The data science lifecycle: Moving from experiments to a robust application, by Dutch Analytics
The data science lifecycle: Moving from experiments to a robust application, by Dutch Analytics.
                                                                                      

Many data scientists now hand over their algorithm to a data engineering/software department to host it or integrate it with big data sources and orchestration frameworks. As there are quite often not yet frameworks where the algorithms fit in, the engineers will have to learn using this new system. If they already know how to deploy using the aforementioned methods, then still there is a handover. Software guys will look at software reliability, not at data reliability.

First, let’s get to the core of the issue. Data science is different from traditional software development for a few fundamental reasons:

  • The performance of data science models is not just dependent on their source code but, of course, also on the data. As data science models are optimized based on the data used for training them, performance issues can occur when the underlying distribution of the data changes, or if any characteristics diverge from where the model is optimized for. When a model is operational on live data, fluctuating performance is much more prevalent as the live data will almost certainly diverge from the training data.
  • The need for continuous optimization. Usually the development of a data science model does not stop after deployment. Both on the software level and on algorithm level improvements are very likely to happen. Models might require retraining or parameter updates as they need to move along with the changing world around us.
  • Data science code is built on experiments, not for code performance. The experimental nature of data science work results in code which is iterated upon many times to get the right outcome, not necessarily to be the most robust or performant on the code level. The code is quite often a script written to process some data and provide some results, but not made to run behind a customer-facing website or critical system
  • The current stack used for data science and AI development is very diverse. Also every data scientist has a preference for certain training frameworks or libraries.
  • Spread out model artifacts. A data science model usually consists of more than a few lines of Python code. There are often artifacts like files with trained models or parameter settings that are stored in different locations than the code itself.

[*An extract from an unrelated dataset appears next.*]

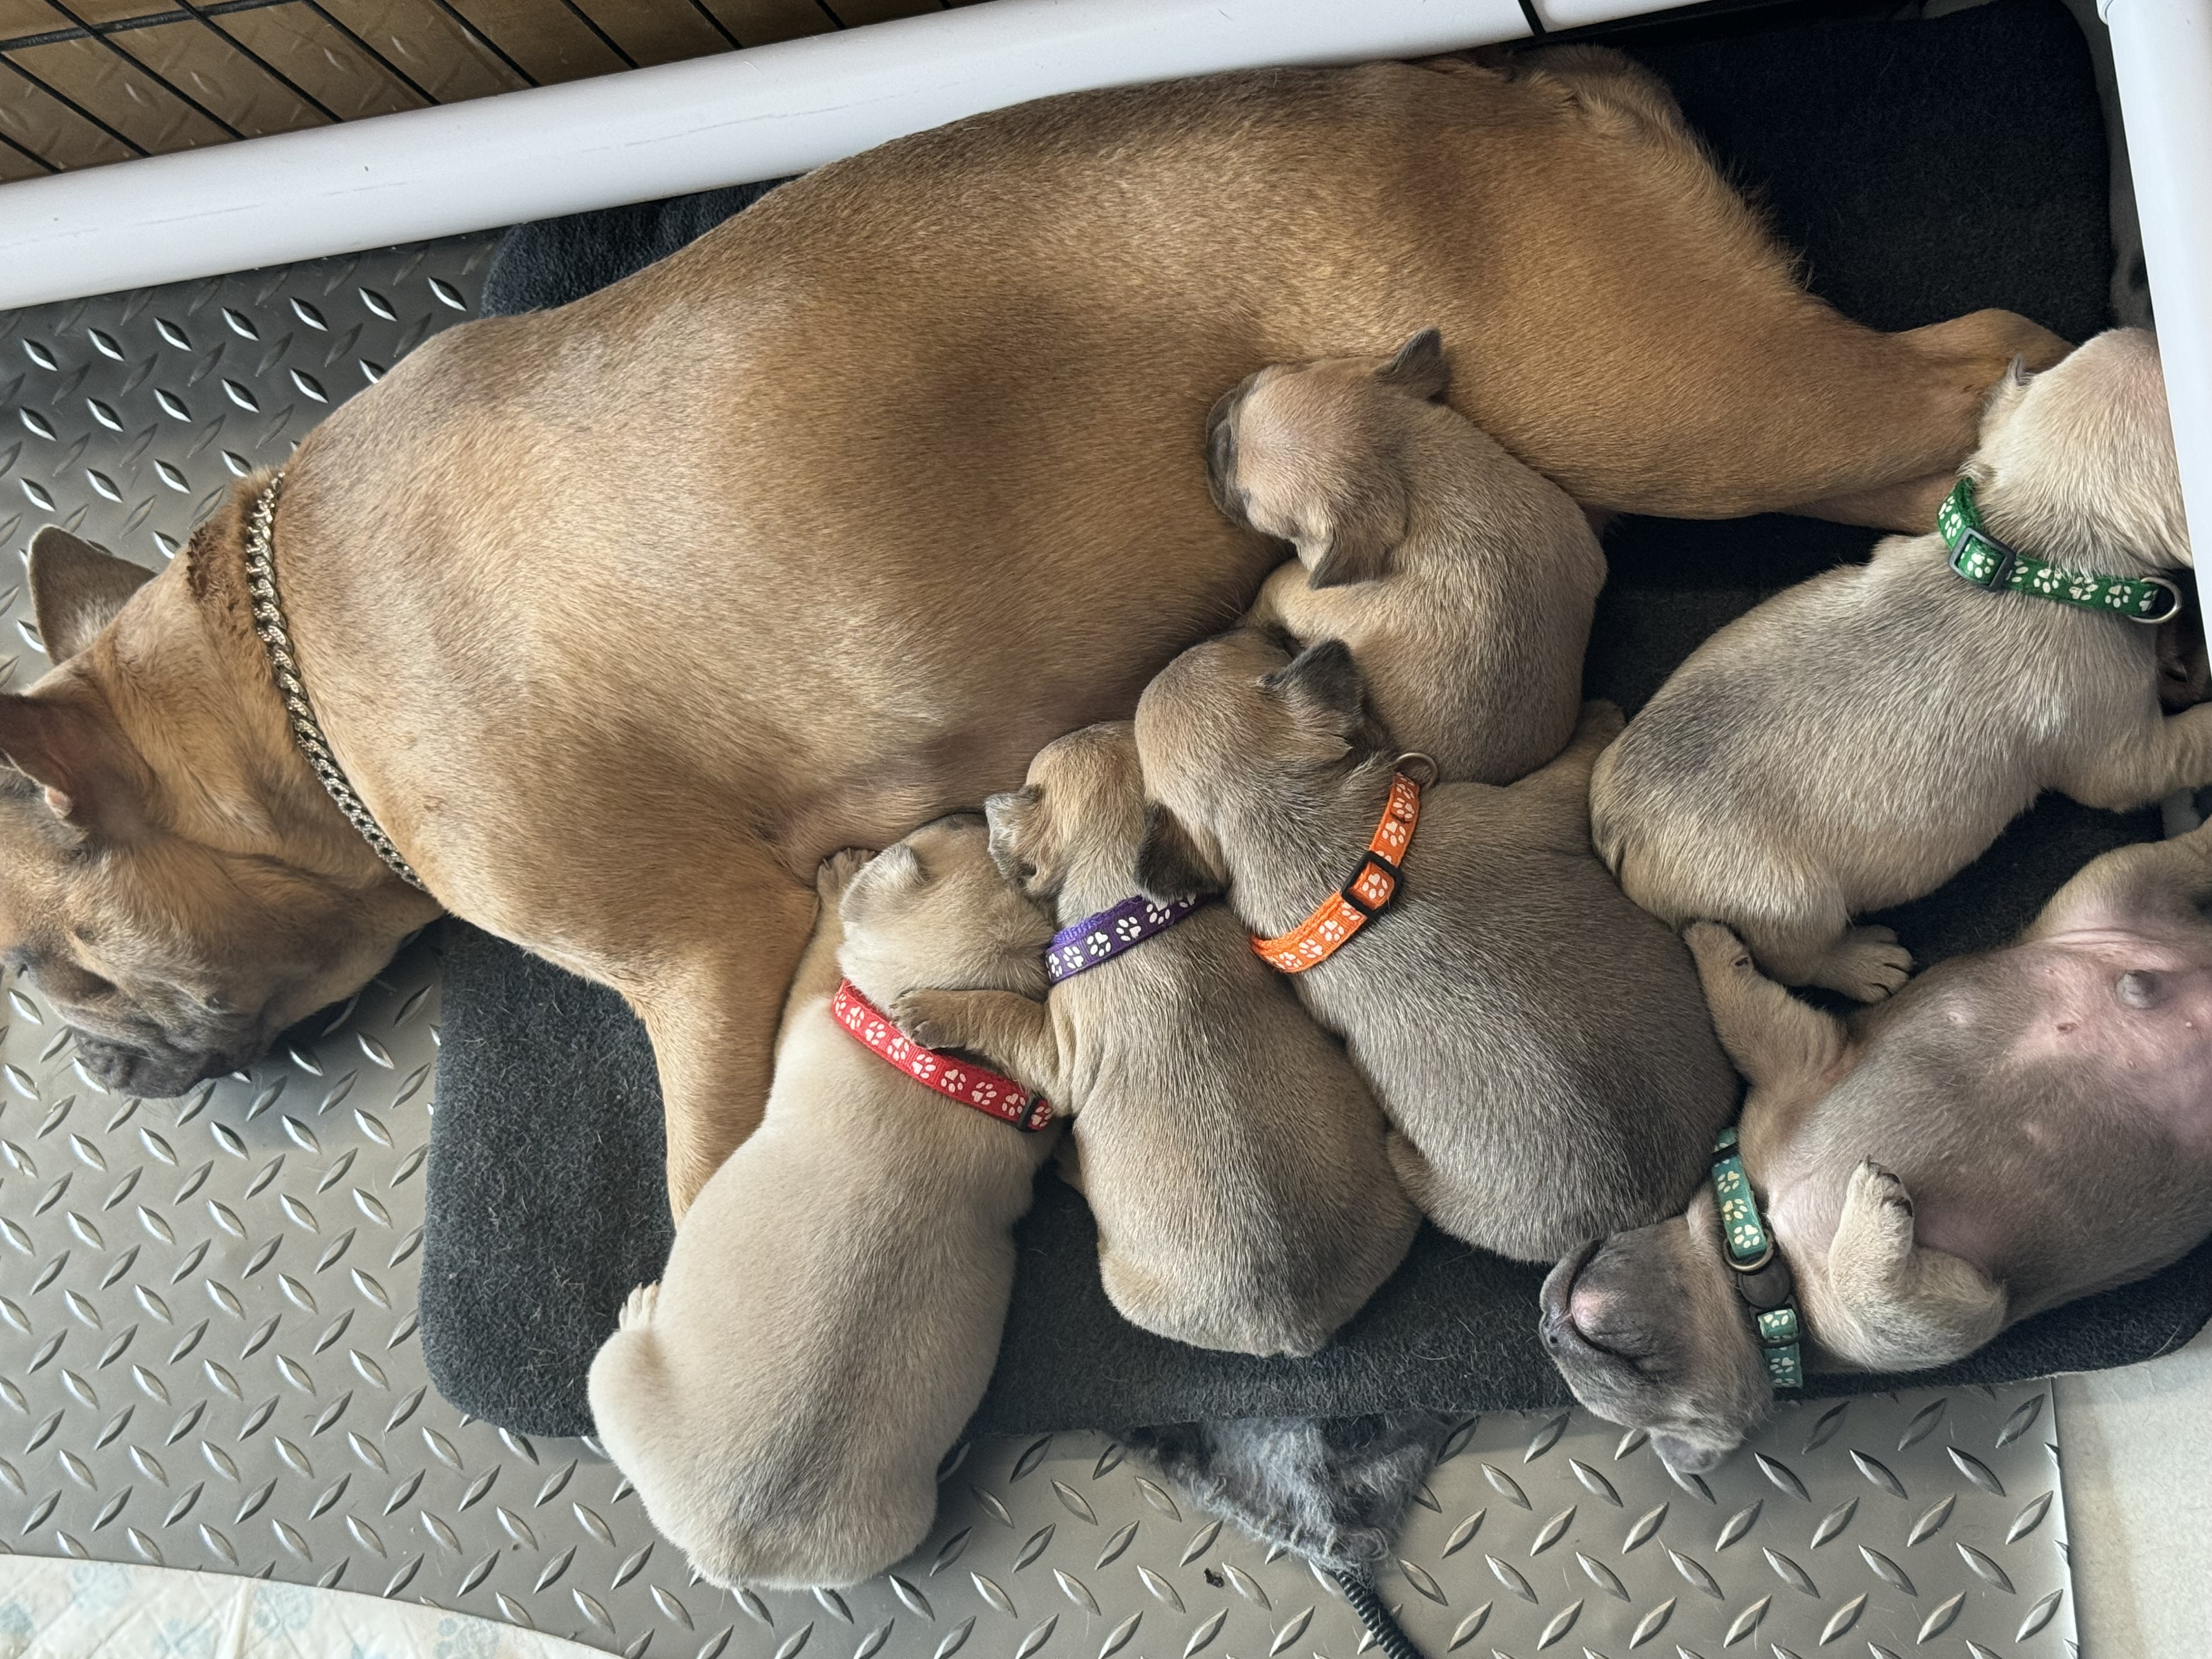 Mum and the 6 Puppies

These problems seem manageable when you only have a single model running and real-time performance is not the first priority. Many proofs-of-concept start with getting value out of historical data, but need to make a transition to low latency inference on newly arriving streaming data. You can Dockerize your model and dependencies, run it on a cloud VM and keep an eye on the quality of the results. With a single application, you might get away with this, but when you scale up or when your data science model drives more business-critical processes and decisions, you will sleep a lot better when the infrastructure for serving and managing these models is automated and scalable.

Have no fear, MLOps is here!

So, what can we learn from DevOps best practices to make all the mentioned challenges disappear?

 

  • Automation, first of all. The deployment and management of developing, deploying, and monitoring data science models need to be a reproducible process, as it is for traditional software development. This is what DevOps is all about.
  • Version management for both models and data. As mentioned, models are trained, retrained, and optimized frequently. Often this happens on different big data sets, as these evolve as well. Therefore it is necessary to keep track of the different versions of models and which data set they originate from. Also in a production environment where rollbacks might be necessary to an earlier version as the performance is not as expected.
  • Continuous testing & monitoring. Because the performance of models depends on the quality and characteristics of (live) data, real-time monitoring is necessary to detect when the quality of the predictions starts to deviate, also called ‘drift’. Detecting this early can prevent your system from losing its touch with reality let’s say. The tight interaction between model and data also requires traceability from code to output, so it can be easily discovered which data input was converted by which model version into the output in front of you.
  • Because of the large and diversified set of tools, frameworks, and libraries available to develop data science models, consistent packaging and dependency management is an issue in production environments. Docker is always a good starting point, but also more and more protocols and conventions are arising to make portability of data science between operational environments possible.
  • Model discovery needs to be part of the solution as a central location to keep track of all available models and their artifacts. This usually goes beyond a git repository as not only code, but also parameter files and files with trained models need to be combined. It also provides a good starting point as a system for the exchange of models or base models between teams or between third parties.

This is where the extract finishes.